# LG Optimus L9 P765 Sound issue



## Anirban Dev (May 1, 2013)

Made a recent purchase of this phone through an online store.
While trying to play mp3s, movie files or games, im noticing that the audio levels, even at maximum volume, through the loudspeaker are remarkably low.However, the inbuilt ringtones etc play at perfect volumes.
I have looked through much of the settings etc, and did not find anything which might have been causing this.
When i select the volume level for the "Music,video,games and other media" option though the sounds option screen, the sample audio clip to demonstarte the volume level also sounds fine.
Will appreciate any help from users who have this phone, or are aware of some settings for androis which causes this.


----------



## coderunknown (May 1, 2013)

go to settings>sound>volume panel style>expanded

when you play song, press volume up and you'll get a big menu type volume panel. increase volume



Spoiler



*i.imgur.com/GFSVYyM.jpg*i.imgur.com/O5ArSO5.jpg


----------



## Anirban Dev (May 1, 2013)

My device is currently still on ICS , so im assuming the Volume Panel Style screen might be something added by Jelly Bean.
For me , theres Settings>Sound>Volume , where you can adjust ringer, notification media volumes etc.
Media volume there has been set to maximum, so i guess the problem shouldnt be there.


----------



## coderunknown (May 2, 2013)

yah to get that expandable audio panel you need JB.

within game if you press volume up i guess there is no change in volume.


----------



## Anirban Dev (May 4, 2013)

A factory reset sorted it out for me, although in general, the loud speaker audio still ain't that hot. Guess LG had to cut back somewhere to keep it cost-effective.


----------



## dreamchaser (May 6, 2013)

Anirban Dev said:


> A factory reset sorted it out for me, although in general, the loud speaker audio still ain't that hot. Guess LG had to cut back somewhere to keep it cost-effective.

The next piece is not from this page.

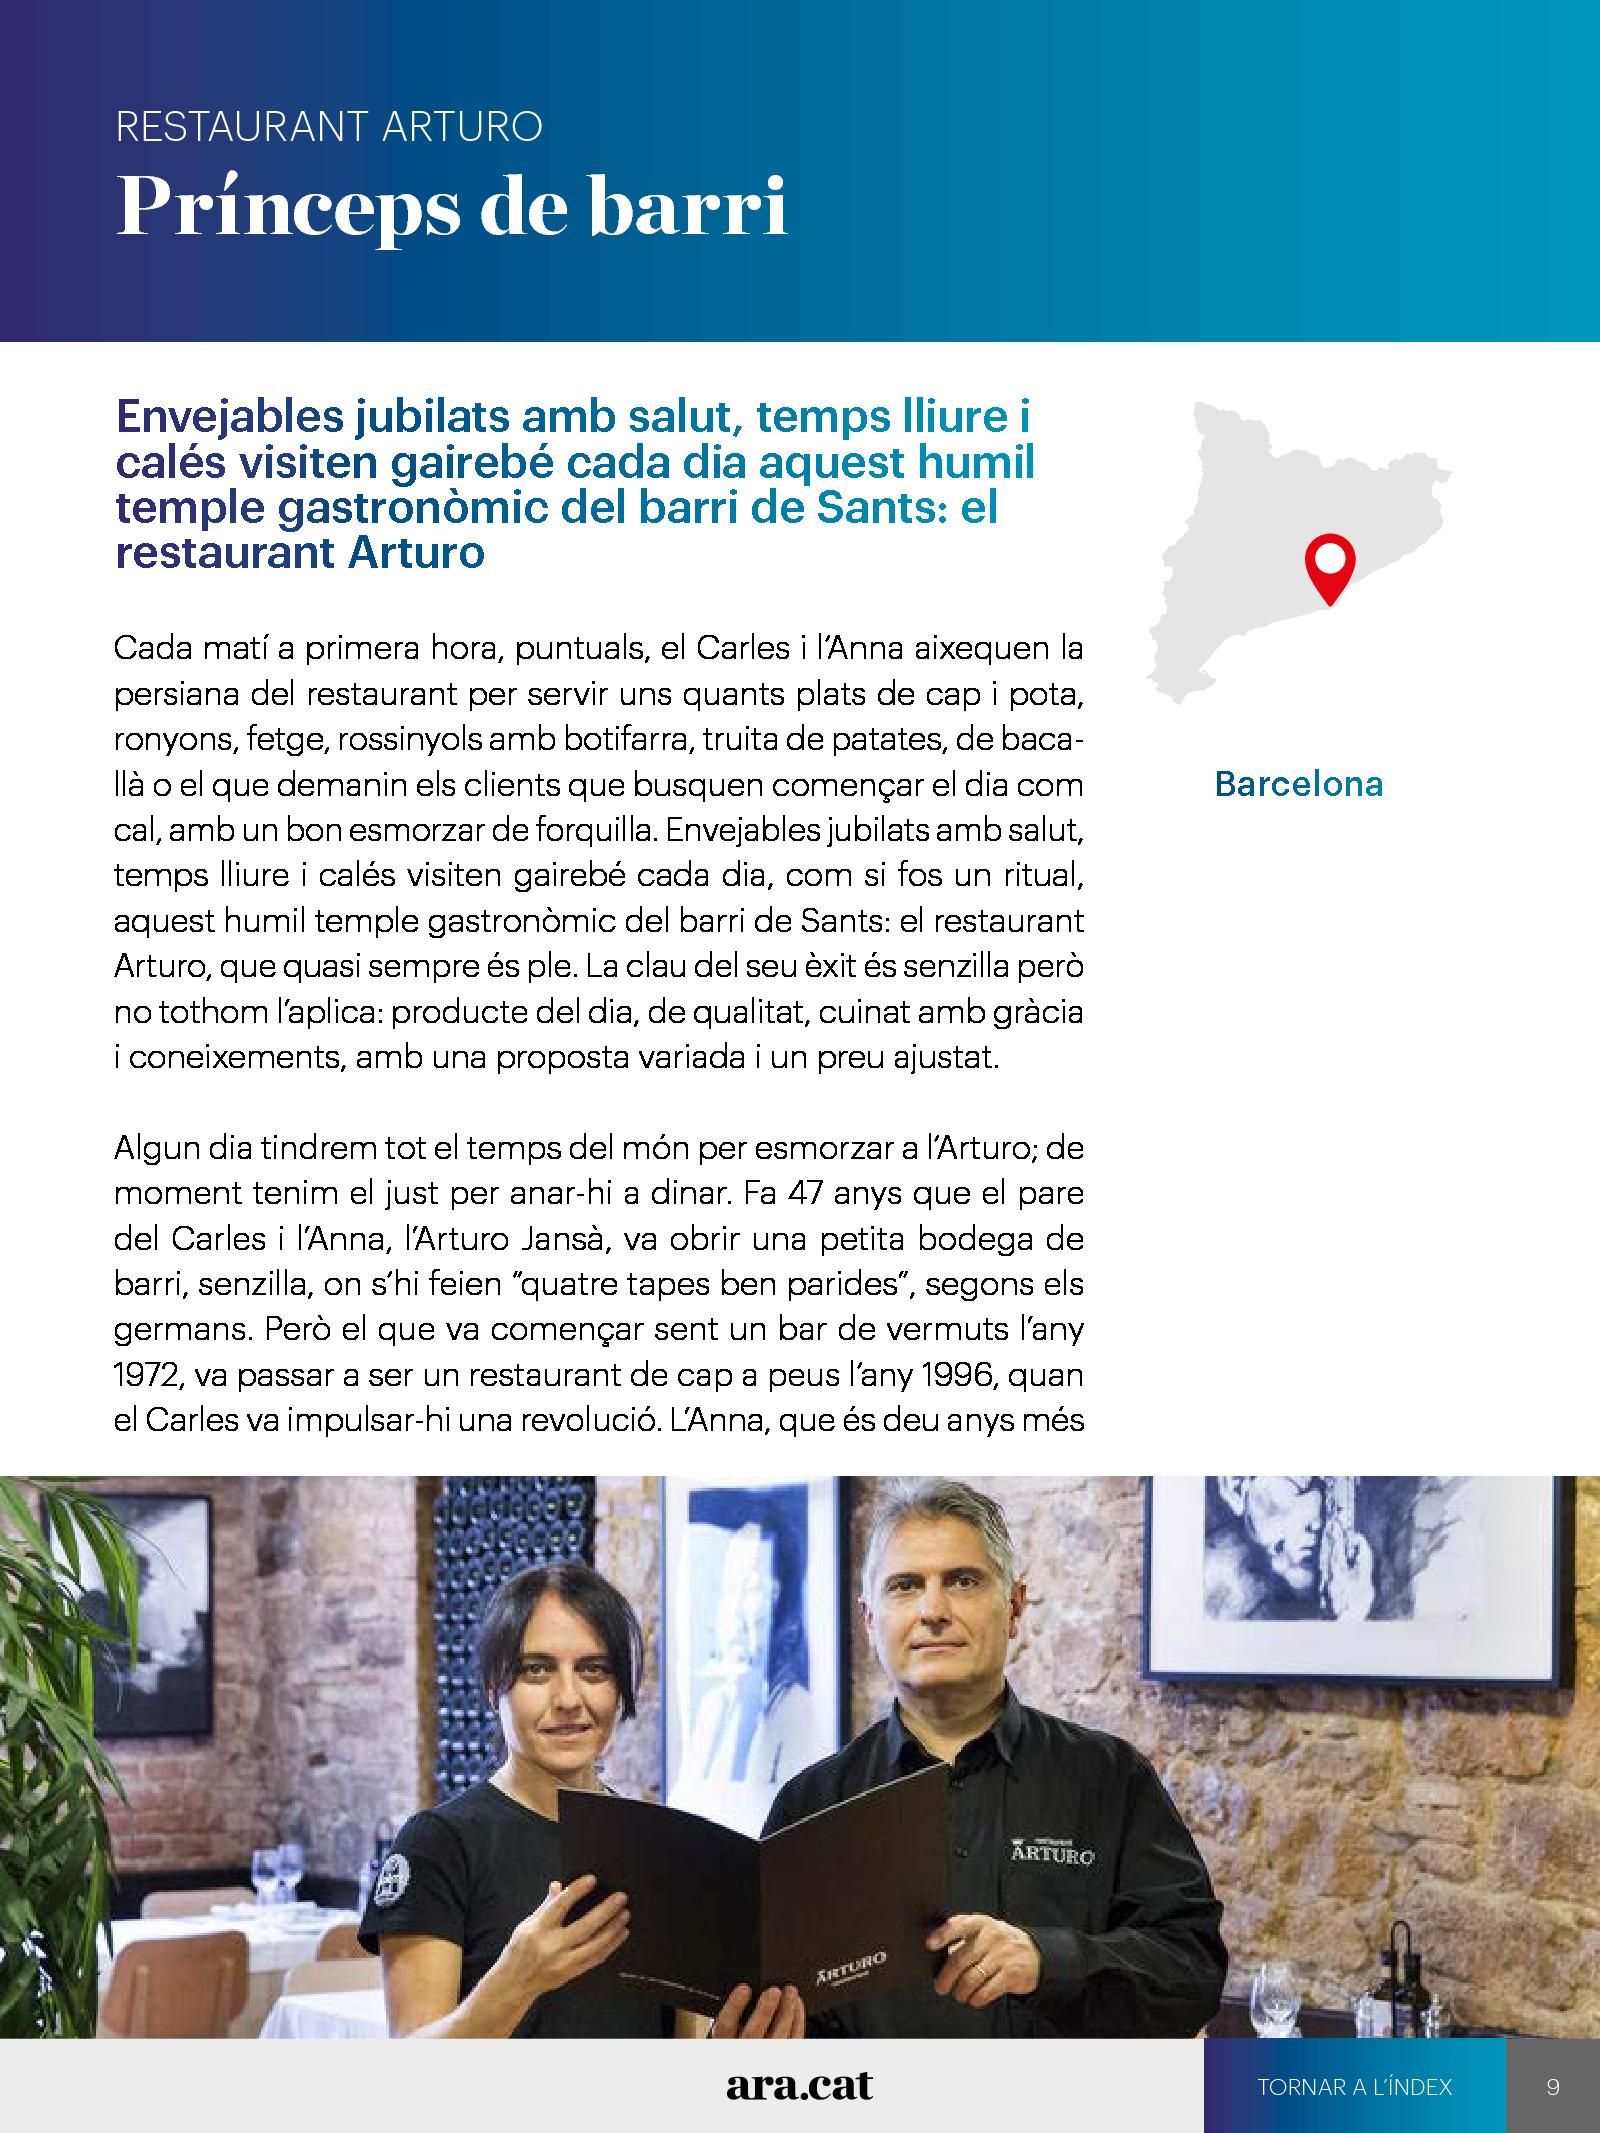 La volta gastronòmica a Catalunya 1

I too updated to jelly bean via OTA (some 260 mb)...i dont have that volume pannel style ..i got the same option as anirban has said above and i got a strange problem with this mobile..though the problem is intermittent it is still an issue...sometimes even when the mobile is switched on with full network and when someone call me it says switched off and @ the sam,e time when i try to make calls it shows dialing and does nothing, though restarting the mobile fix the issue it repeats frequently.....any suggestion please?? thanks in advance



sam said:


> go to settings>sound>volume panel style>expanded
> 
> when you play song, press volume up and you'll get a big menu type volume panel. increase volume
> 
> ...



Infact i just visited the LG service centre...They said there is no such things like volume panel ...


----------



## coderunknown (May 6, 2013)

dreamchaser said:


> I too updated to jelly bean via OTA (some 260 mb)...i dont have that volume pannel style ..i got the same option as anirban has said above and i got a strange problem with this mobile..though the problem is intermittent it is still an issue...sometimes even when the mobile is switched on with full network and when someone call me it says switched off and @ the sam,e time when i try to make calls it shows dialing and does nothing, though restarting the mobile fix the issue it repeats frequently.....any suggestion please?? thanks in advance



do a factory reset first.



dreamchaser said:


> Infact i just visited the LG service centre...They said there is no such things like volume panel ...



ask in the L9 review thread. almost all of them have updated to JB so they can give a more appropriate reply.


----------